Task requirements
This exercise calls for the data below to be retyped exactly, minus any images.

Given information
........
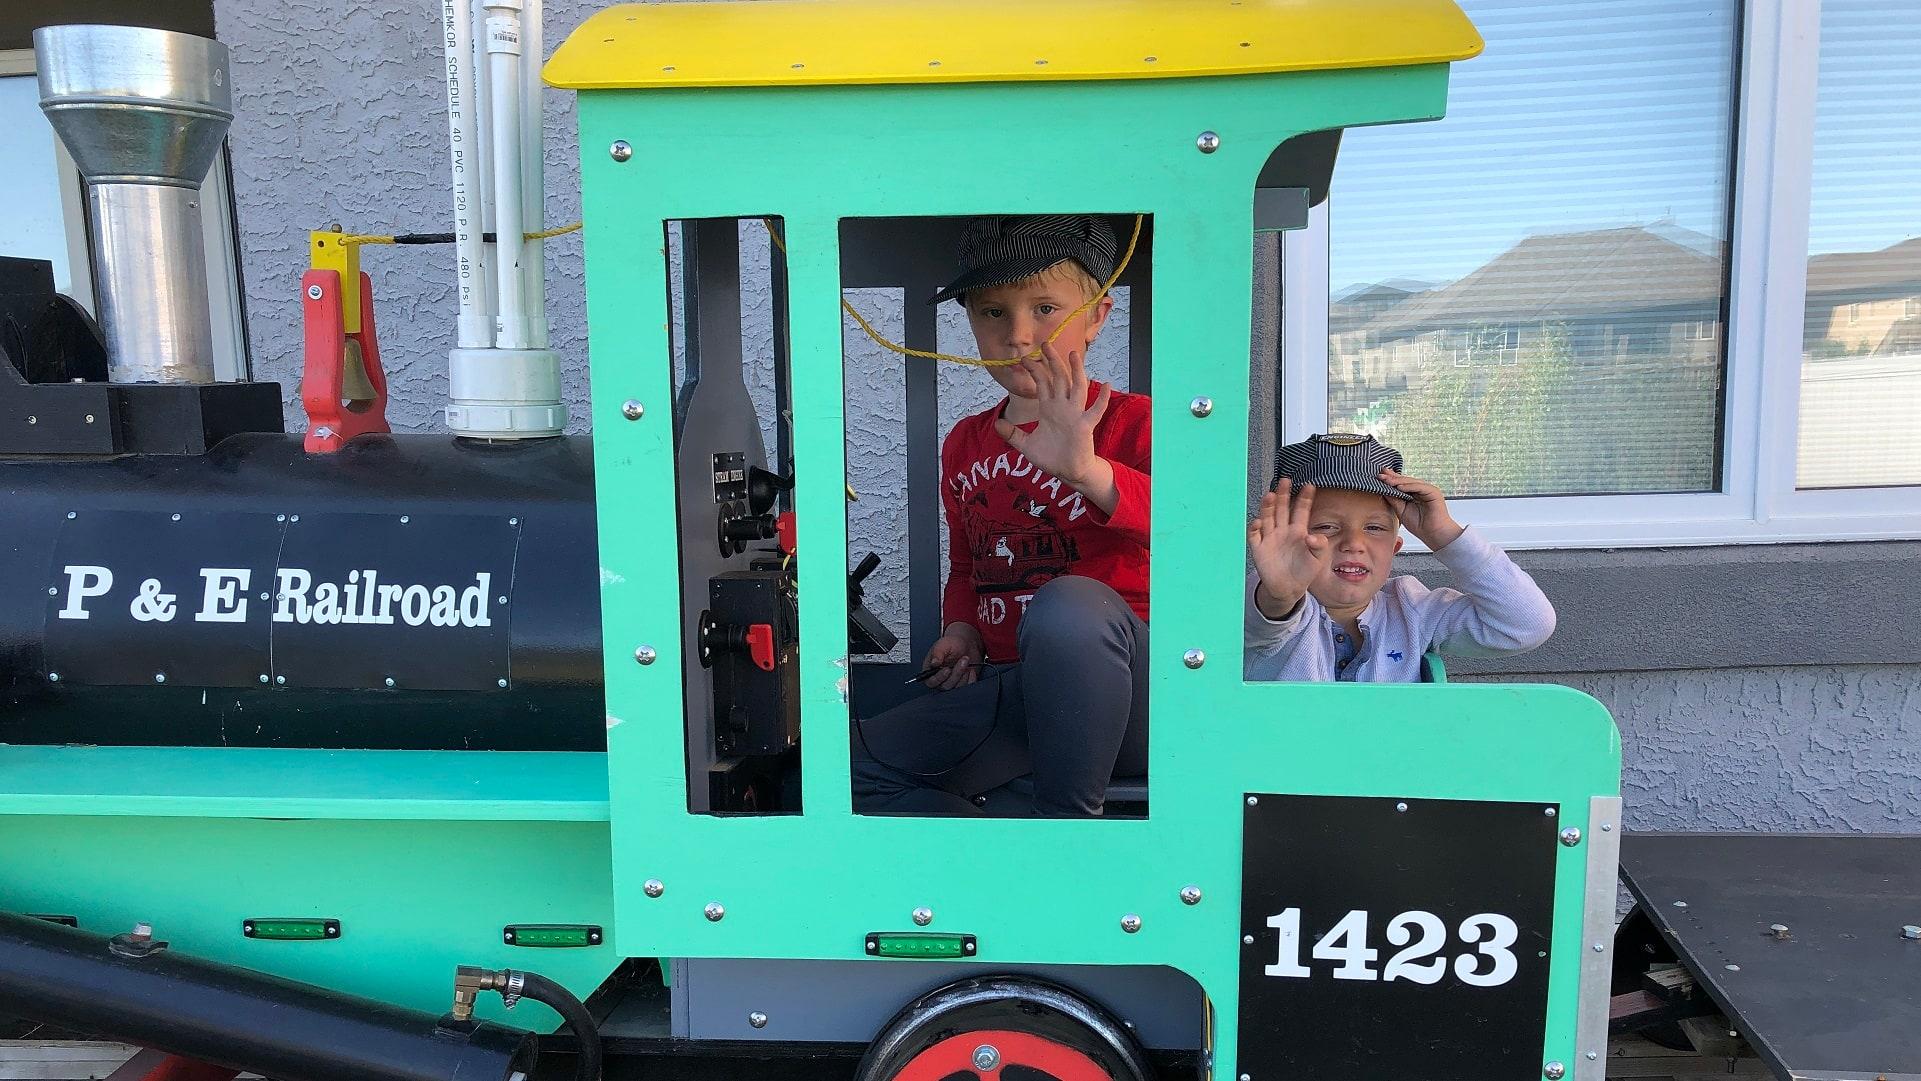 Take a ride on a backyard train | CBC.ca
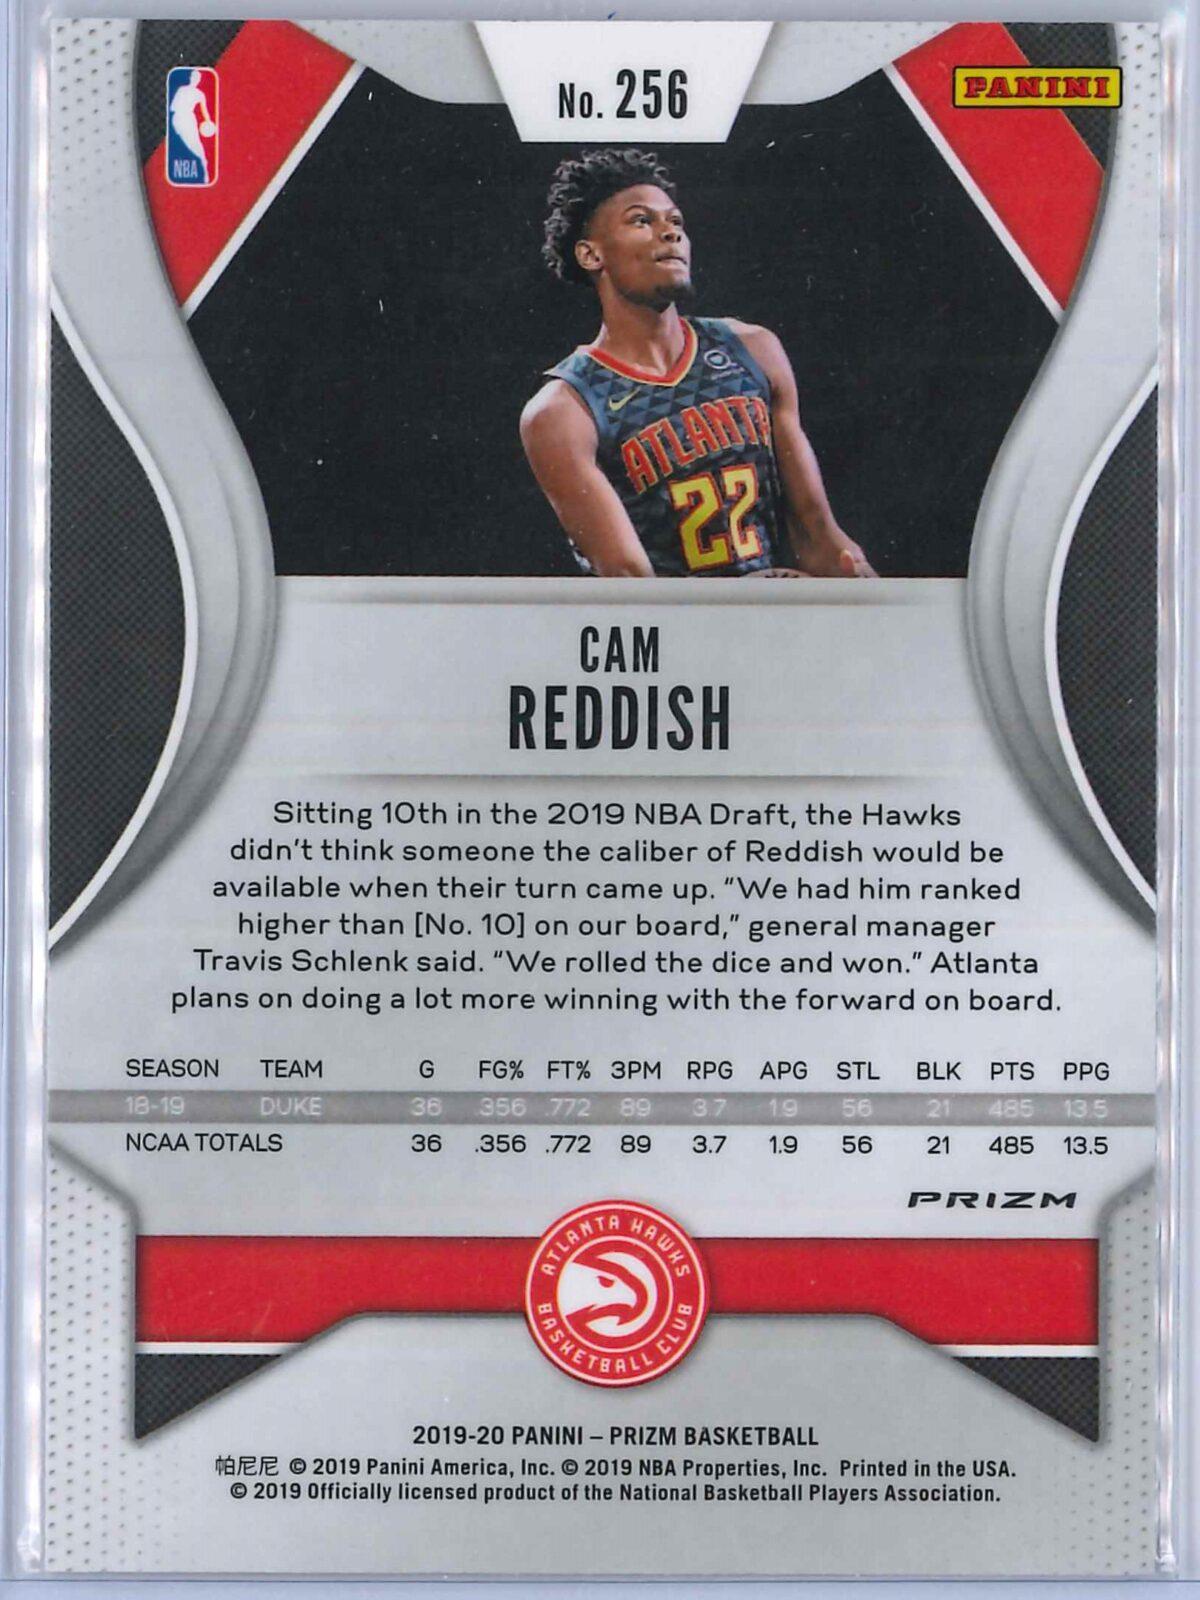 Cam Reddish (2) Panini Prizm 2019-20 Base RC Silver
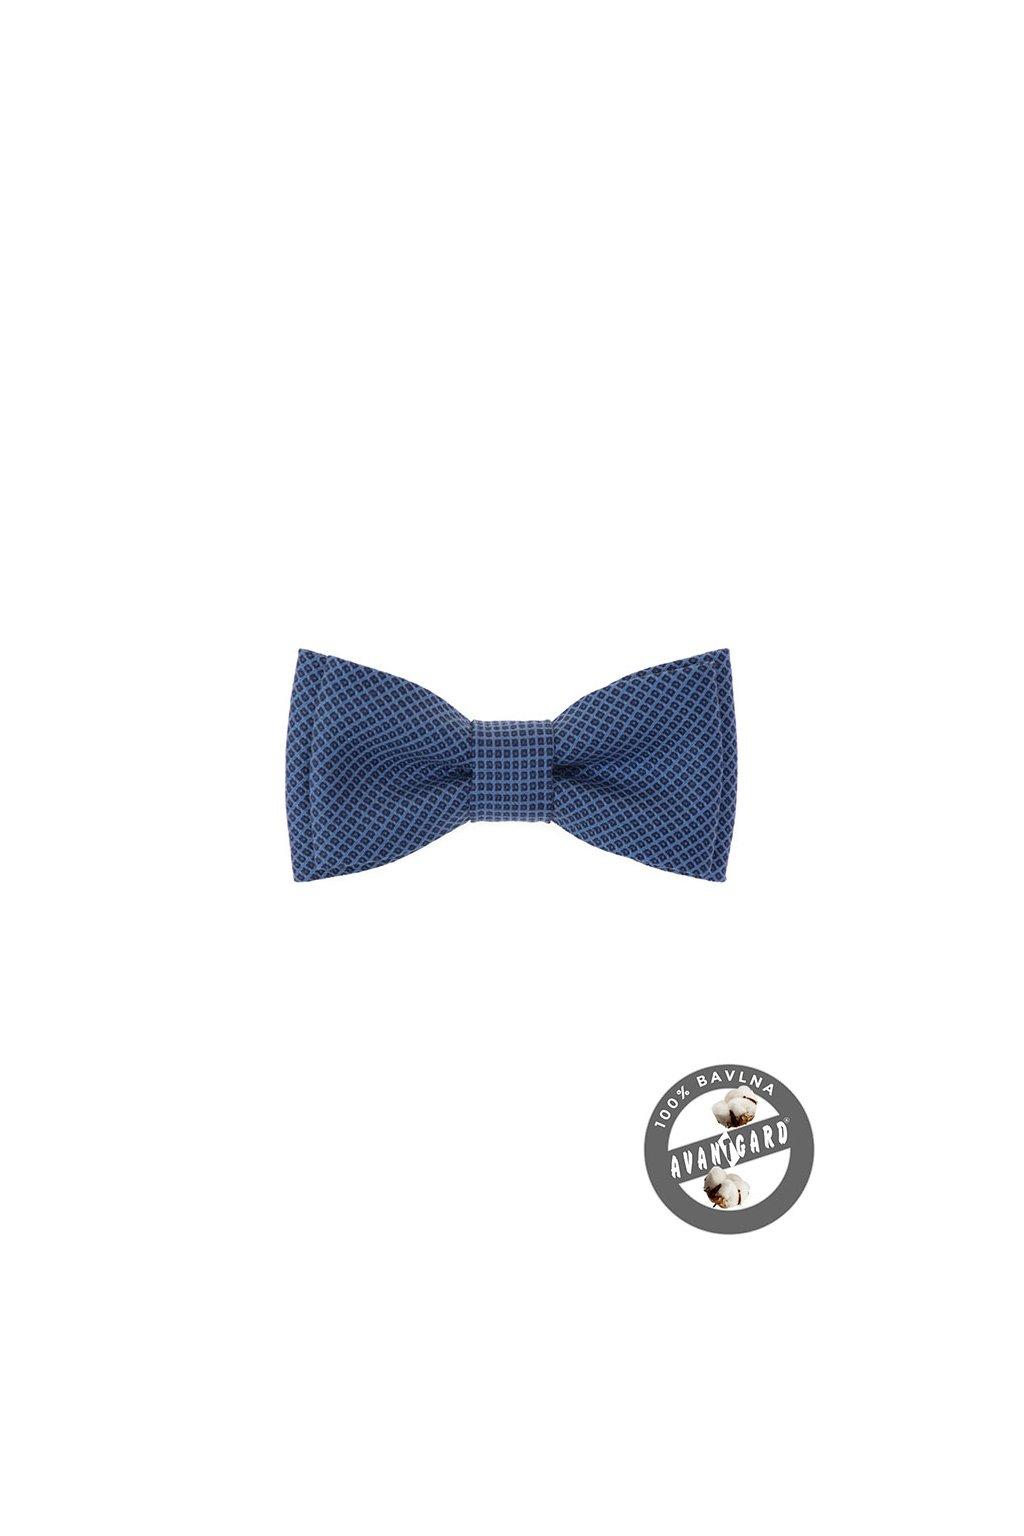 Motýlek MINI bavlněný modrá 531 - 51010
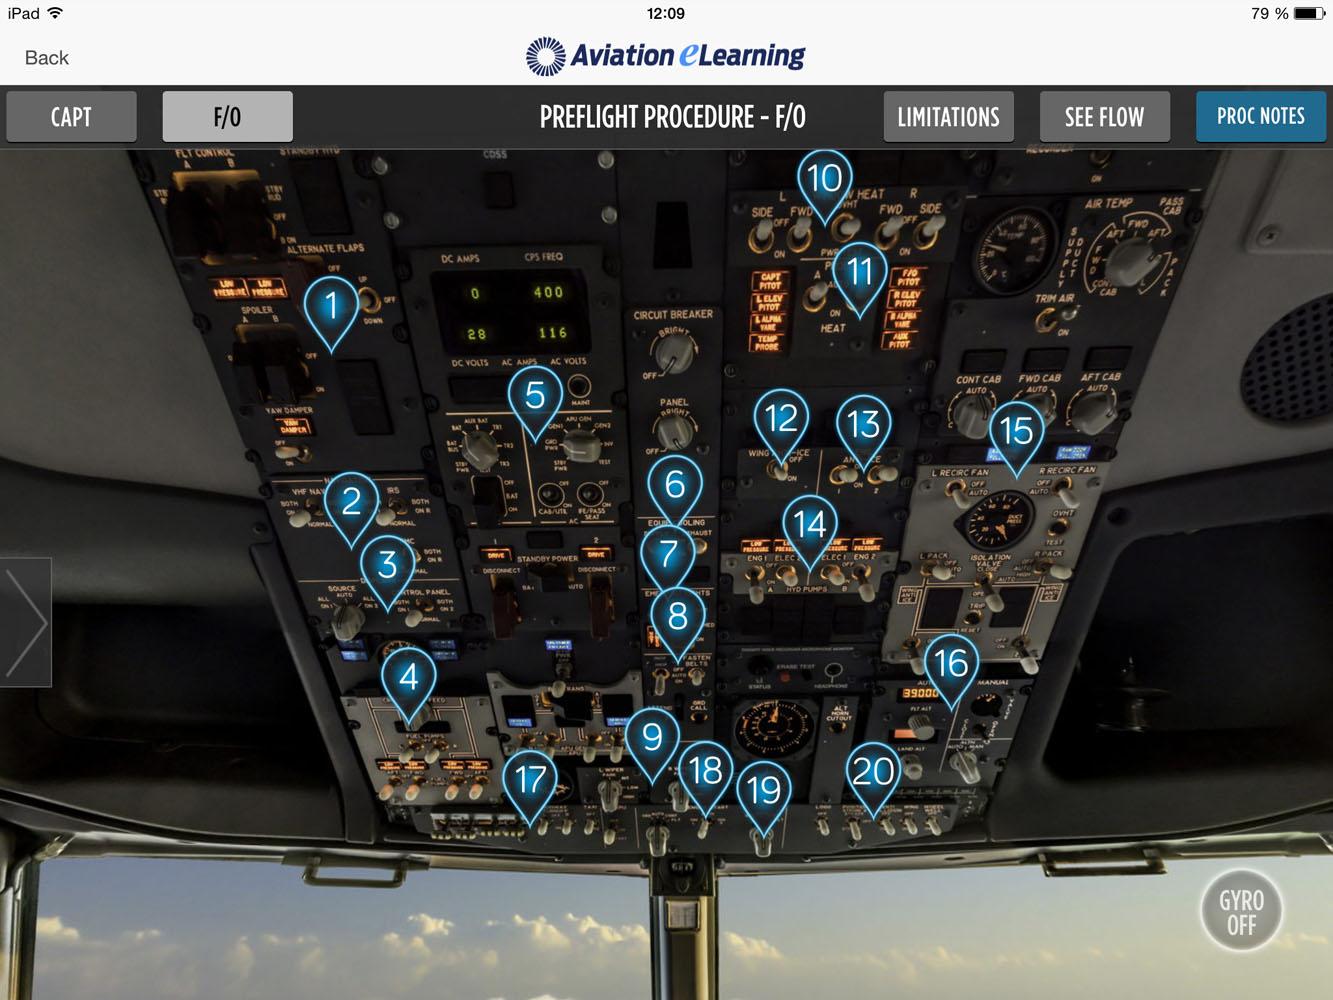 Boeing B737NG Normal Procedures
........
Exercise output
 Take a ride on a backyard train | CBC.ca
 Cam Reddish (2) Panini Prizm 2019-20 Base RC Silver
 Motýlek MINI bavlněný modrá 531 - 51010
 Boeing B737NG Normal Procedures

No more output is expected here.